TweetMeme: As TweetMeme is one of the services which Datasift originally created, it stands to reason that it made its way into the data services of the product. As you would expect queries can be performed on the number of tweets which a particular URL has been received, along with a snippet of data from that URL. This source will undoubtedly make things even easier when trying to mine data for popular pages.
Peerindex / Klout / Infochimps: Peerindex, Klout and Infochimps all provide data on a particular users influence score within social networks. This allows you to return data filtered by the social influence of users, again resulting in popular material.
First Look. The interface
The interface within Datasift is easy to find your way around, and I was able to get up and running with a new stream quickly. A number of examples are available to get you on your way, and with more and more Alpha testers joining everyday, it is a trivial process to see the work that others have done, and branch streams to your own needs. I created a simple stream in about 15 minutes, after looking around the documentation for a bit. Each one of these streams can then be consumed however you wish via their API. The following screens show just what is going on at each stage of the process. You can see the editor for FSDL in screenshot four.
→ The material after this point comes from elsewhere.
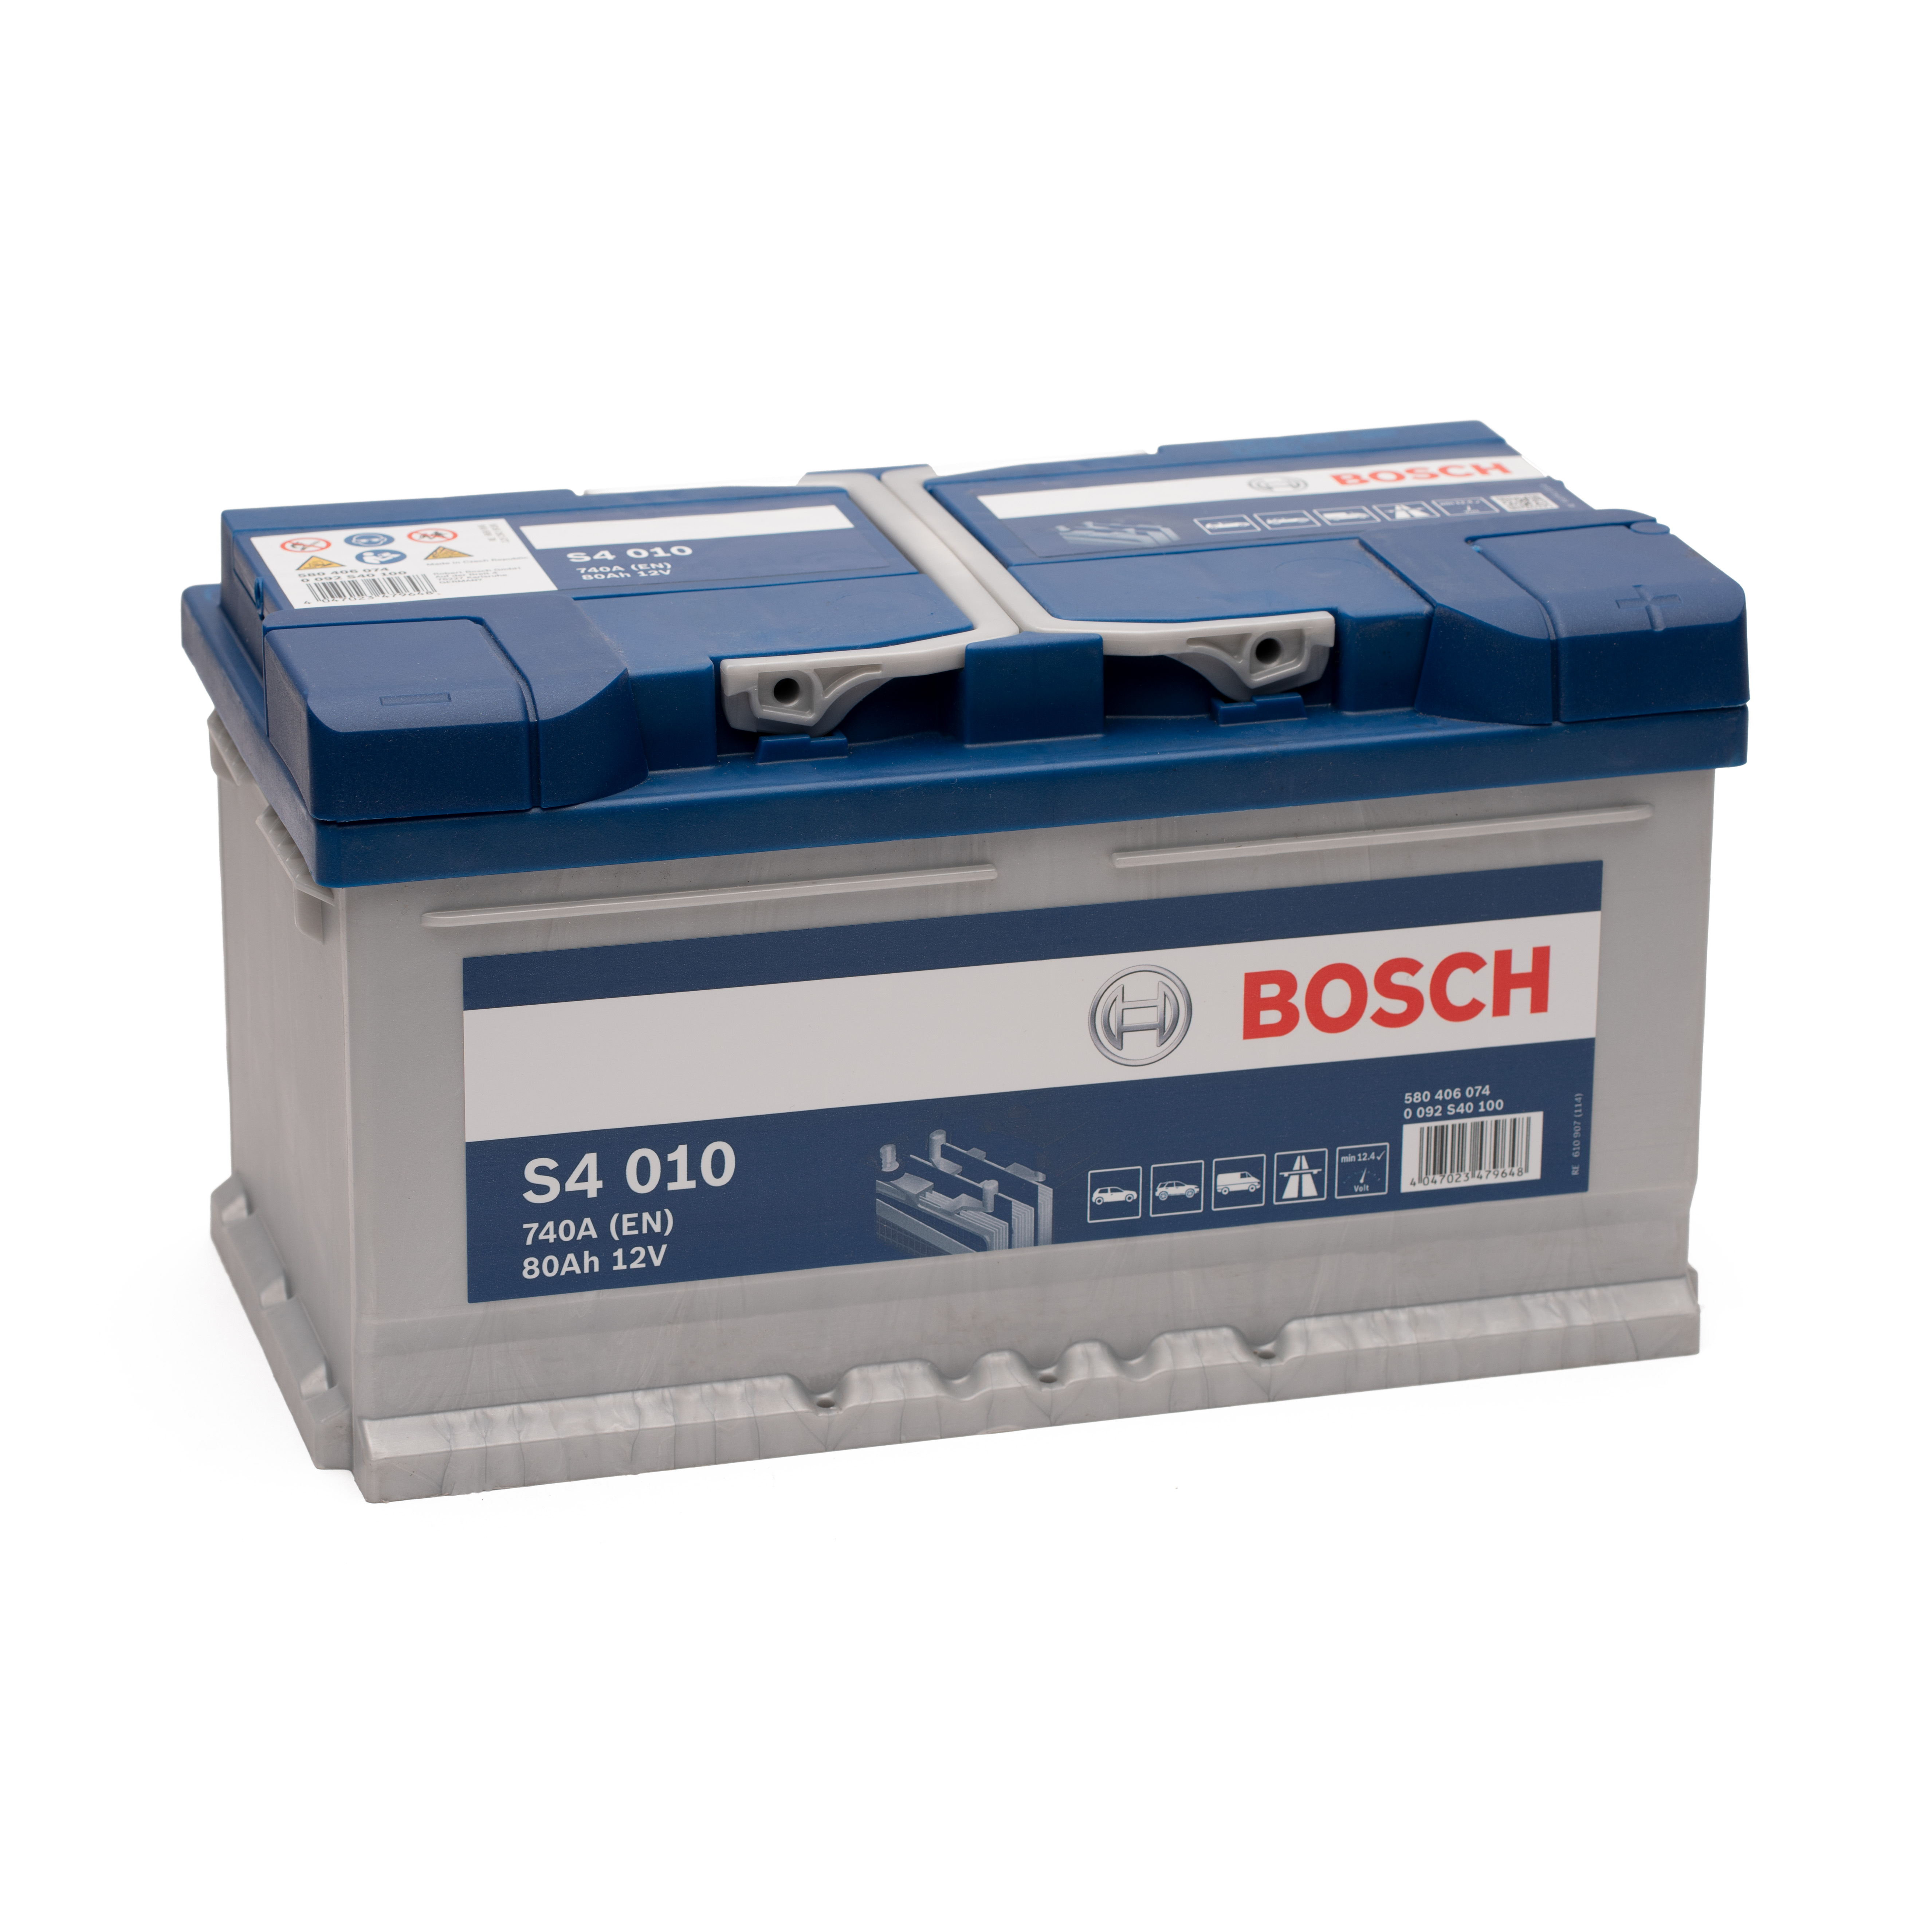 https://swissbatt24.ch/media/image/fd/20/8f/Bosch-S4-010-80Ah-Autobatterie-580406074.jpg

One small thing to note, is that once you’ve created a particular definition for the query you’d like to run, it takes a while for Datasift to actually build it. Obviously a process is running in the background to more easily collated the data you have requested, and return it to you in due course. That doesn’t however make the service any less useful, or interesting. If anything, it forces you to make sure your query and request are logically correct before you instantiate the build process.
What can you build?
I can see this being used to create bespoke social search engines which fire queries into Datasift, and return a wealth of data back. In much the same way as Google Co-op works for ordinary queries, Datasift is likely to spawn interesting social engines, with its underlying engine being used for the datasource. A PHP client library has already been provided in GitHub, for those of you who want to get their hands dirty with the API, and get building. For those who don’t, you can still manage to see what’s going on inside their existing interface.
To date, a number of streams have been created that you can inherit from. The following are a collection of the streams being created at time of writing:
Job Search – Search for resumes
Premier League Scores – search for social mentions of football teams
Bargains, Deals and special offers – searches for special offers across the social web.
Some of my own thoughts on what is possible include the following:
GeoInfluencers – Finding influencers in a particular geo region on Twitter. This would be particularly useful to work out who to follow in your region.
Future predictors – Positive or Negative saliance around a topical topic – e.g. Xfactor or an Election candidate
Popular URLS with Negative Sentiment – Recently hot on Digg, or Tweetmeme URL’s which have negative sentiment.
Who’s talking? – A collection of users in a particular area, tweeting a particular topic or URL.
This is just scratching the surface of the possibilities. With full regular expression support, and the already substantial list of data sources, I’ve no doubt we’ll see some creativity with the service. All in all, its a great web based software product that will undoubtedly grow, and become a useful tool to have in a developers kitbag – particularly if he or she is working with the social web, or performing any kind of data mining at present. Well done guys. I for one am excited for the possibilities.